TLS インスペクションのある侵入防止サービスを構成する

ネットワークで Transport Layer Security(TLS)インスペクションのある侵入防止サービスを構成するには、次の操作を行います。

  1. Threat prevention タイプのセキュリティ プロファイルを作成します。ネットワークの要件に応じて、脅威や重大度のオーバーライドを設定します。プロファイルは 1 つ以上作成できます。セキュリティ プロファイルの作成方法については、セキュリティ プロファイルを作成するをご覧ください。

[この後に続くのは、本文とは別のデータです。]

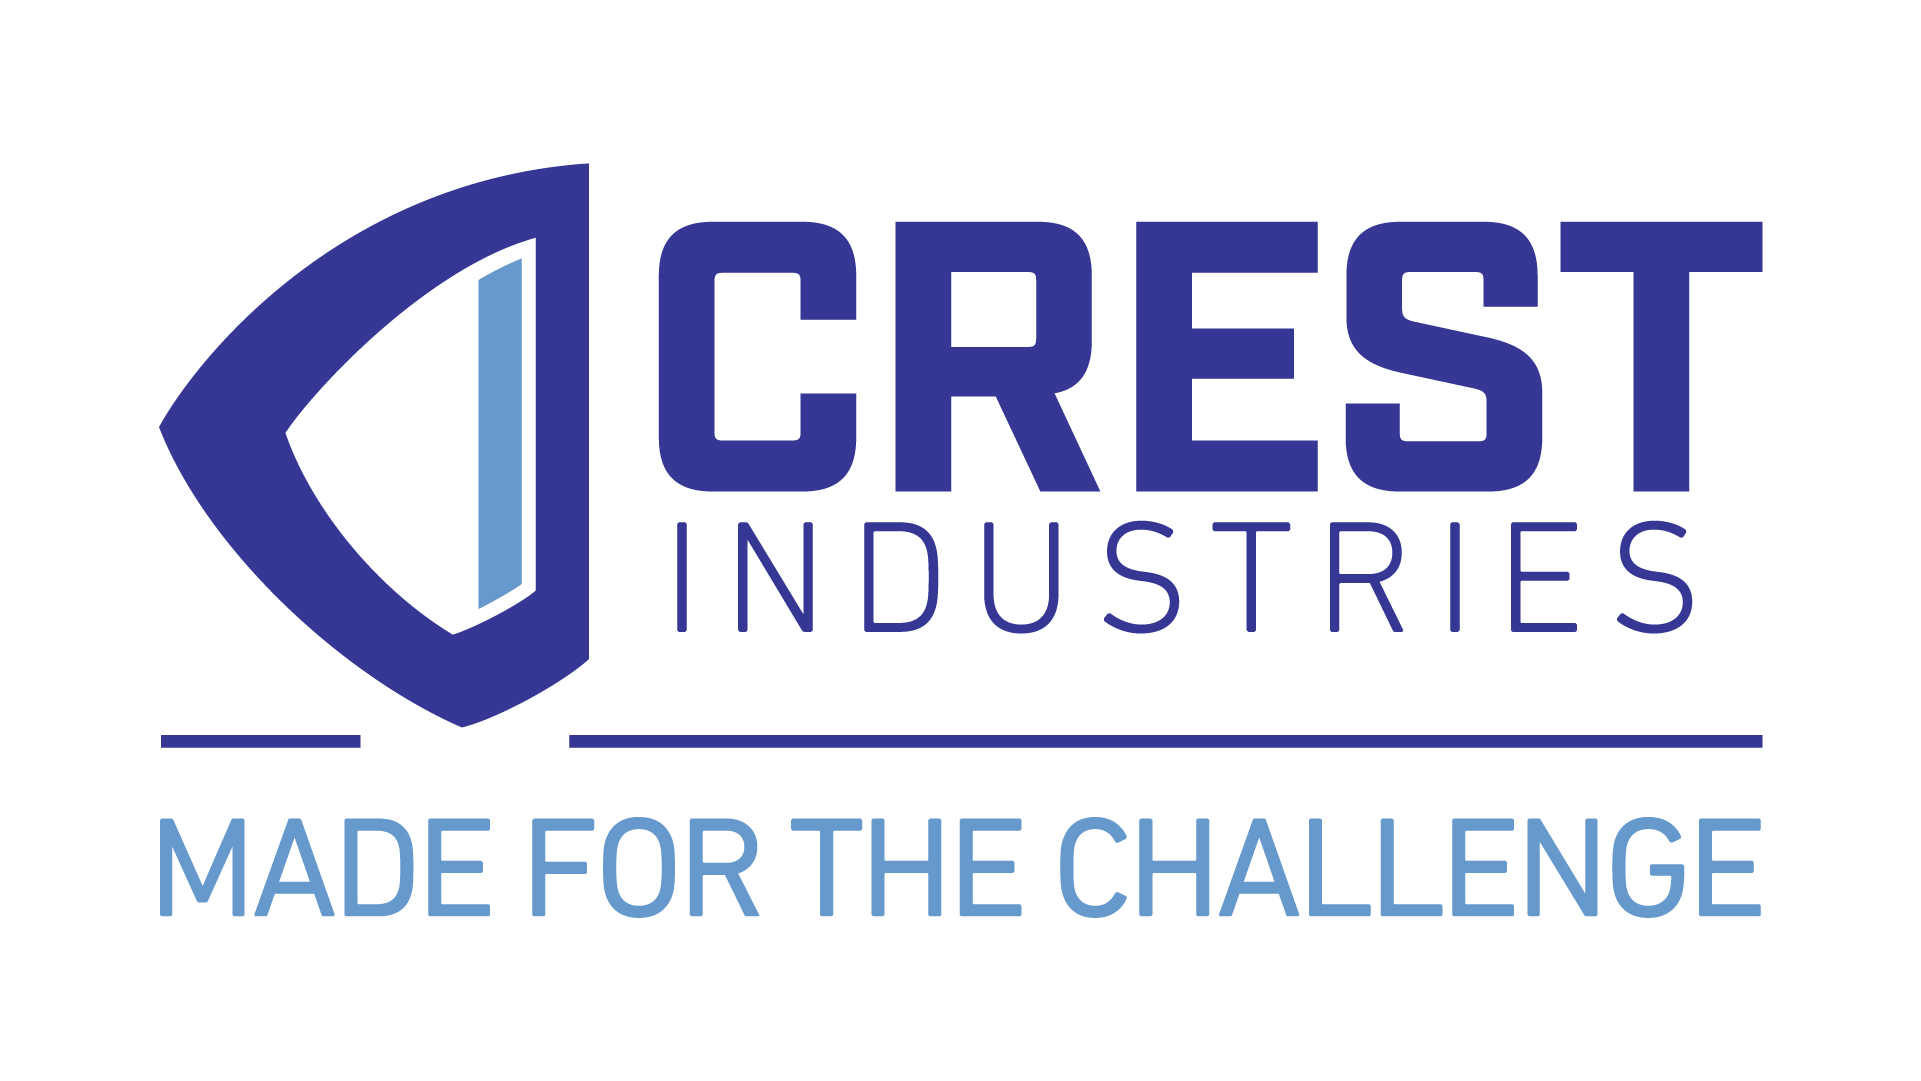 Crest Industries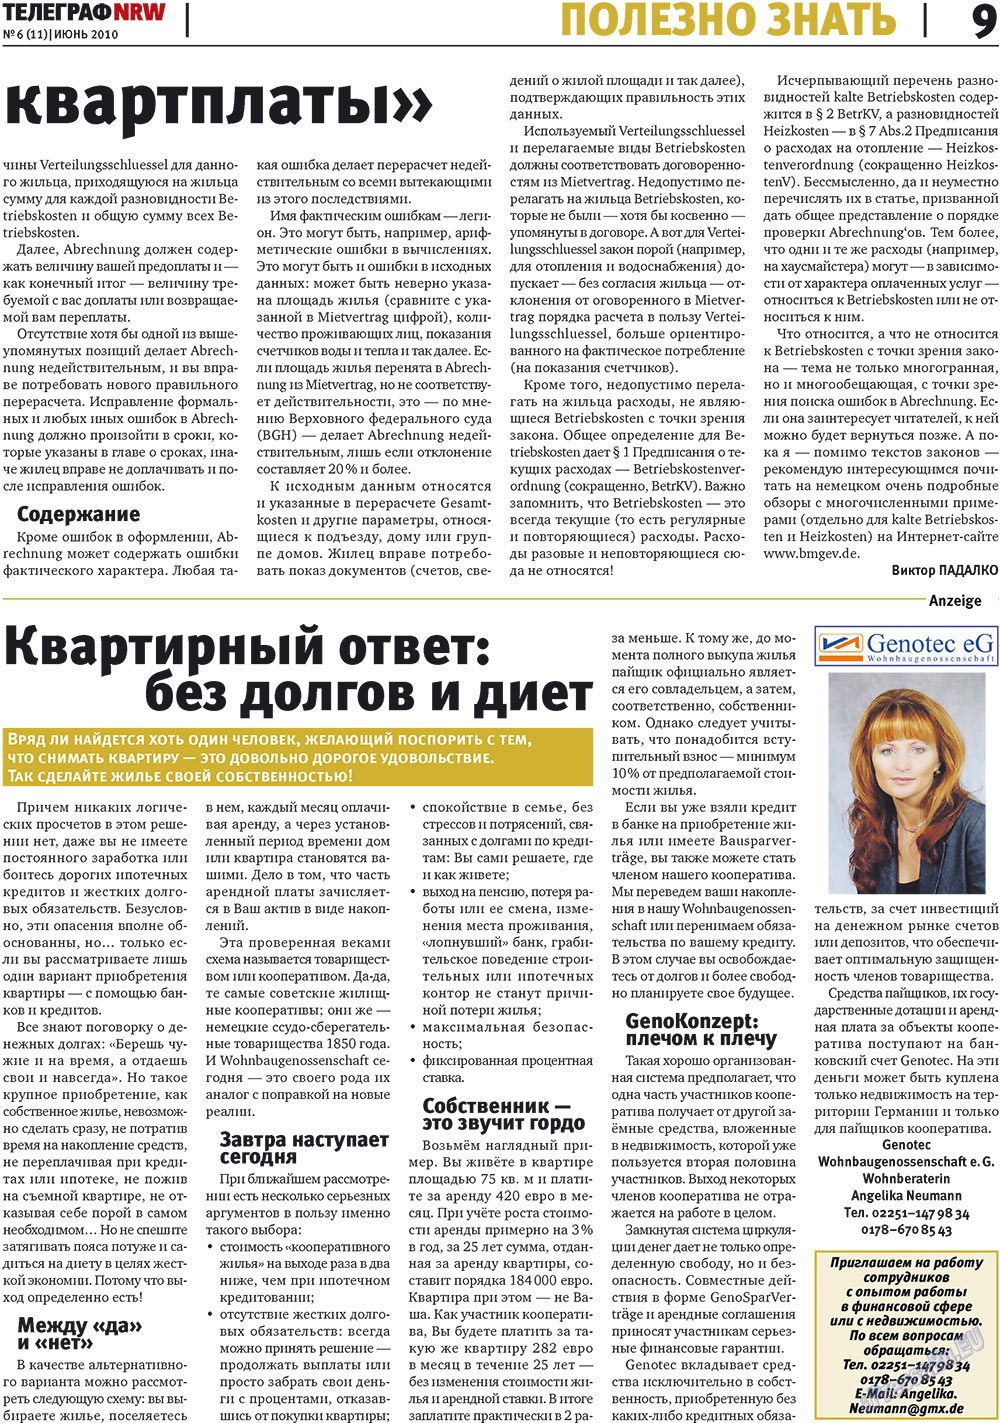 Телеграф NRW (газета). 2010 год, номер 6, стр. 9

  2. 前の手順で作成したセキュリティ プロファイルで、セキュリティ プロファイル グループを作成します。セキュリティ プロファイル グループの作成方法については、セキュリティ プロファイル グループを作成するをご覧ください。

  3. CA プールと信頼構成を作成し、TLS インスペクション ポリシーに追加します。Cloud NGFW で TLS インスペクションを有効にする方法については、TLS インスペクションを設定するをご覧ください。

  4. 脅威の防止を有効にするワークロードと同じゾーンにファイアウォール エンドポイントを作成します。ファイアウォール エンドポイントの作成方法については、ファイアウォール エンドポイントを作成するをご覧ください。

  5. 脅威の検出と防止を有効にする 1 つ以上の VPC ネットワークにファイアウォール エンドポイントを関連付けます。前の手順で作成した TLS インスペクション ポリシーをファイアウォール エンドポイントの関連付けに追加します。ワークロードがファイアウォール エンドポイントと同じゾーンで実行されていることを確認してください。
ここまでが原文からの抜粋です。